Над обрывом
Шрифт:
— Так что ж такое? Вы же живете… Ну, вы ведь все равно, что муж и жена.
— Мы даже не обвенчаны, — ответил я.
— Не все ли равно, законный или гражданский брак?
— О, далеко не все равно, — со вздохом ответил я.
— Как не все равно? Если вы любите друг друга?.. Ведь ей же скучно быть всегда одной?
— Что ж делать? Я не могу ее ввести в круг своих знакомых и родных… по крайней мере, здесь…
— Да отчего же вы не хотите знакомить с ней тех, кто сам хотел бы познакомиться с ней? Она ведь молодая, мы могли бы сойтись…
— Ей самой неловко будет с вами…
— Это отчего?
Я смутился еще более, не зная, что сказать.
— Она же будет чувствовать неравенство с вами… неловкость… она человек других понятий, — ответил я.
Она как будто удивилась.
— Так разве она так и проживет всю жизнь… одна? — спросила она в недоумении.
— Нет… потом… Я разовью ее… приучу…
Я совсем растерялся. Я так мало заботился об этом покуда!
— Так вы ее учите? Занимаетесь с нею? Чем?
— Всем понемногу, — солгал я, стыдясь признаться, что я почти не занимаюсь с Полей,
— Я думаю, вам это очень приятно. Должно быть весело следить, как поднимается, развивается любимый человек. Она, должно быть, вас очень, очень любит?
— О, да, — воскликнул я. — Это добрая, преданная душа!
Она вздохнула.
— И вы, недобрый, не хотите меня свести с нею!.. Ну, право же, я полюбила бы ее, как сестру… Ведь дружна же я с моей Марфушей, а та и совсем примитивный человек… Такие, право, лучше, цельнее нас…
Я поспешил переменить разговор. Но он глубоко запал мне в душу. В самом деле, на что я надеюсь в будущем относительно Поли? Не может же она остаться вечно такой неразвитою, нельзя же вечно прятать ее от людей, стыдясь за ее невежество? Или я точно смотрю на нее только как на любовницу, от которой, когда она наскучит, можно уйти, жениться на другой? Нет, нет, я должен употребить все усилия, чтобы развить ее, поднять до себя, сделать достойной занять в моем доме место жены и хозяйки, за которую я не краснел бы ни перед кем…»
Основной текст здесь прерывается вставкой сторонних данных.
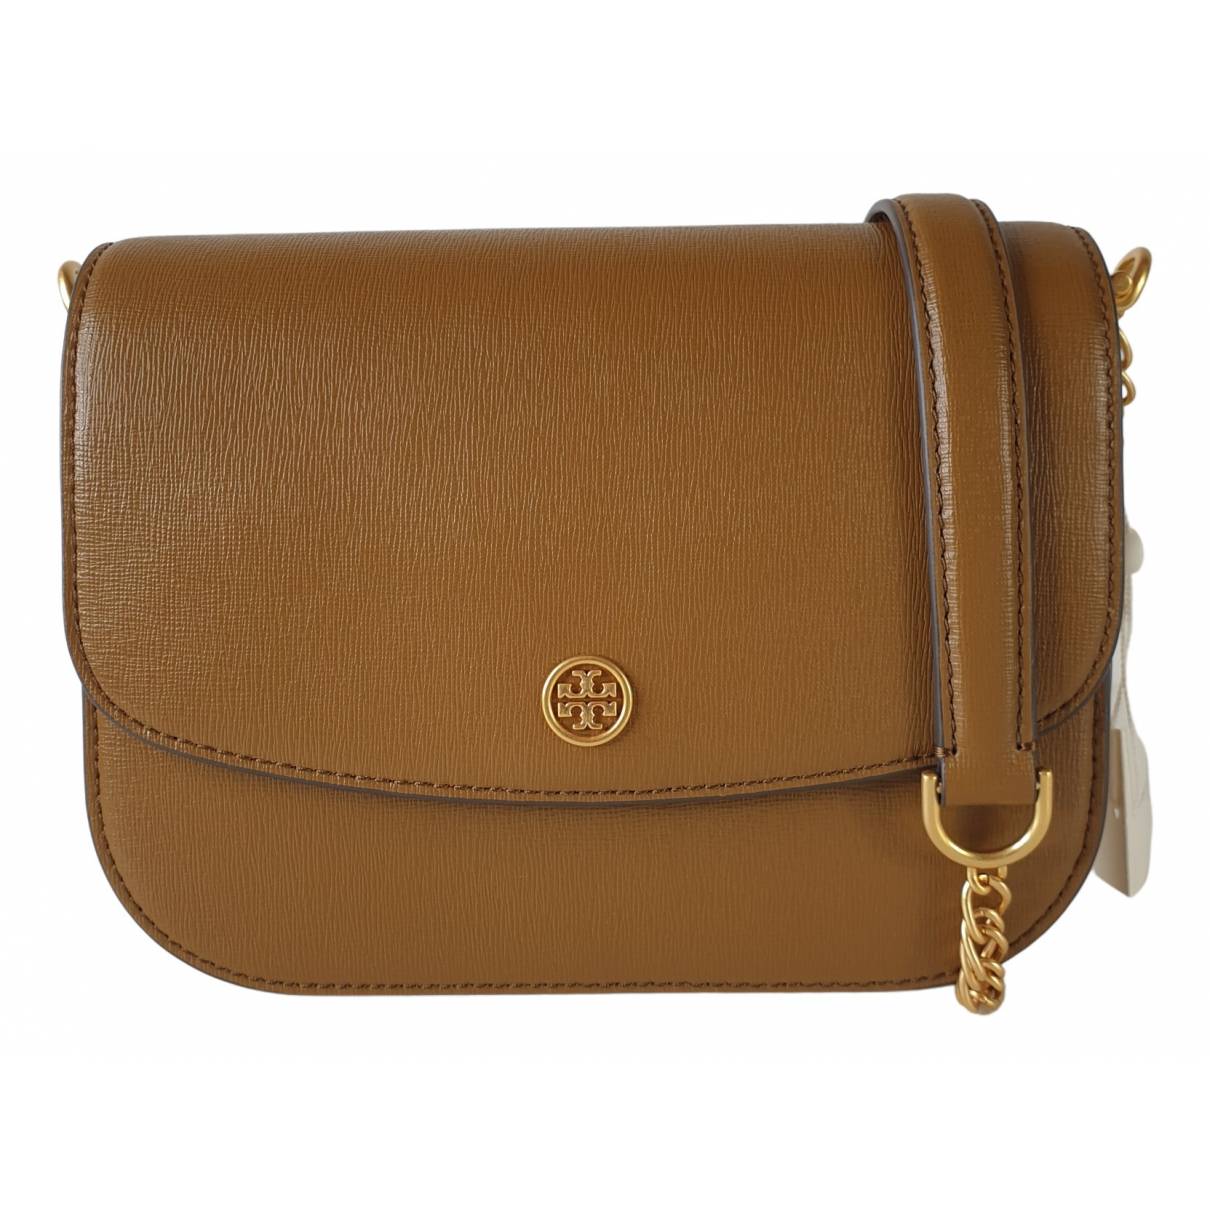 Leather crossbody bag Tory Burch Camel in Leather - 23025880
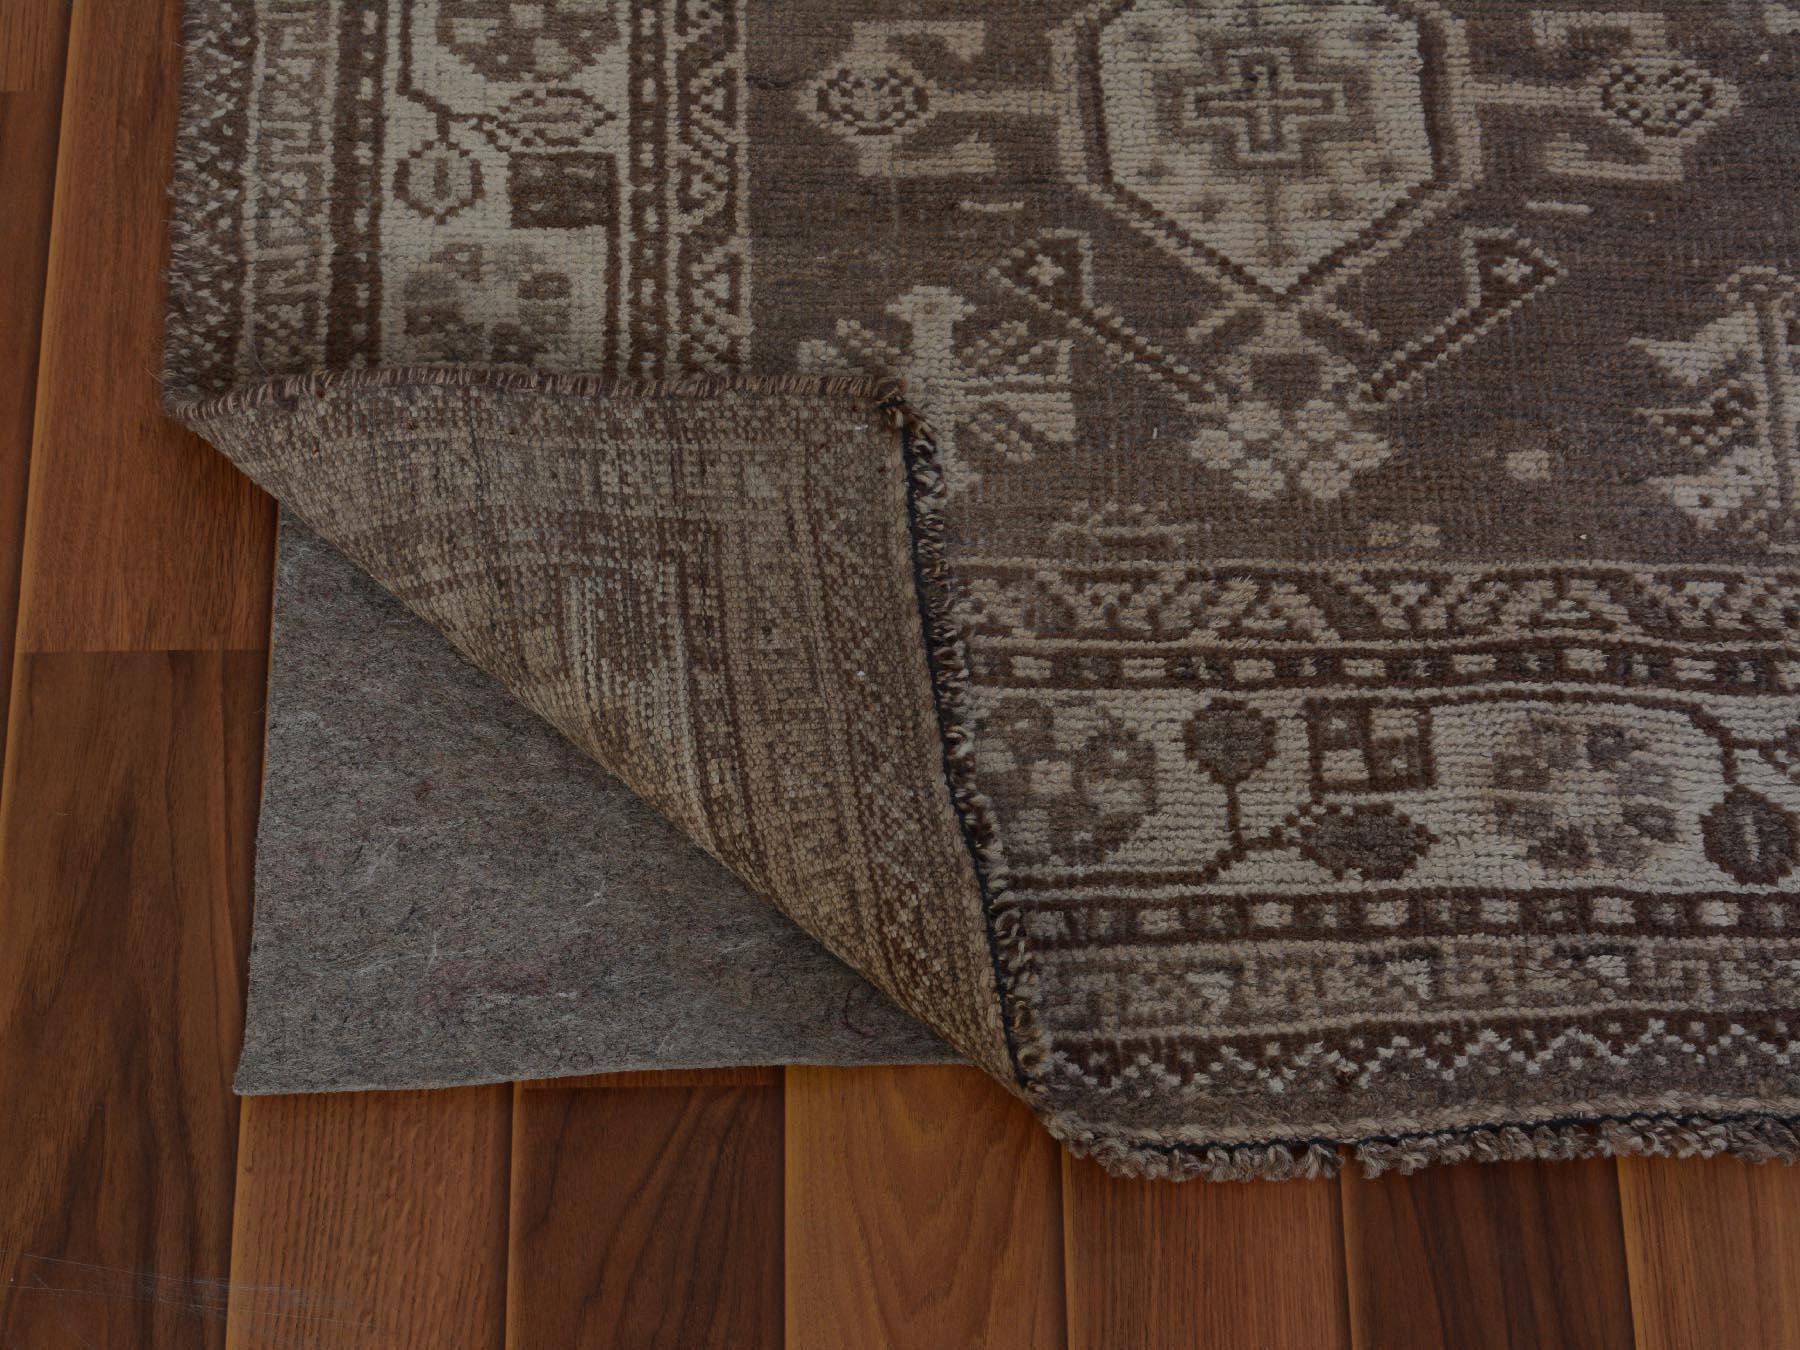 Medieval Beige Worn Down and Old Persian Qashqai Pure Wool Hand Knotted Oriental Rug For Sale

«7 августа. У дяди праздновали день рождения Любы. Народа набралось много, обед был очень оживленный. Как обыкновенно бывает на больших собраниях, мелкие сплетни и будничные дрязги передавались только шепотом, один на один, общий же разговор шел о всяких злобах дня, об общественных вопросах. Как послушаешь всех этих людей — любого делай министром, сажай в парламент. И научились даже воспламеняться и страшные слова пускать в ход. Марья Николаевна и Павлик, сидевшие подле меня, шепотом знакомили меня, между тем, с биографиями ораторов: тот вор, другой мошенник, третий шулер, четвертый — бит, хотя в точности никто не может сказать, за что его били и когда: тогда ли, когда он соблазнил чужую жену, чтобы обобрать ее, или тогда, когда он пустил по миру опекаемых им сирот, или тогда, когда он просто в пьяном виде произвел дебош в клубе. Я заметил Павлику:
— И охота всех этих негодяев принимать!
— А где же найти здесь лучших? — спросил он. — Вон, Слытковы безукоризненно…
— Глупы, — докончил я с улыбкой.
— И честности высокой, — досказал Павлик… И точно, где же взять этих честных людей?..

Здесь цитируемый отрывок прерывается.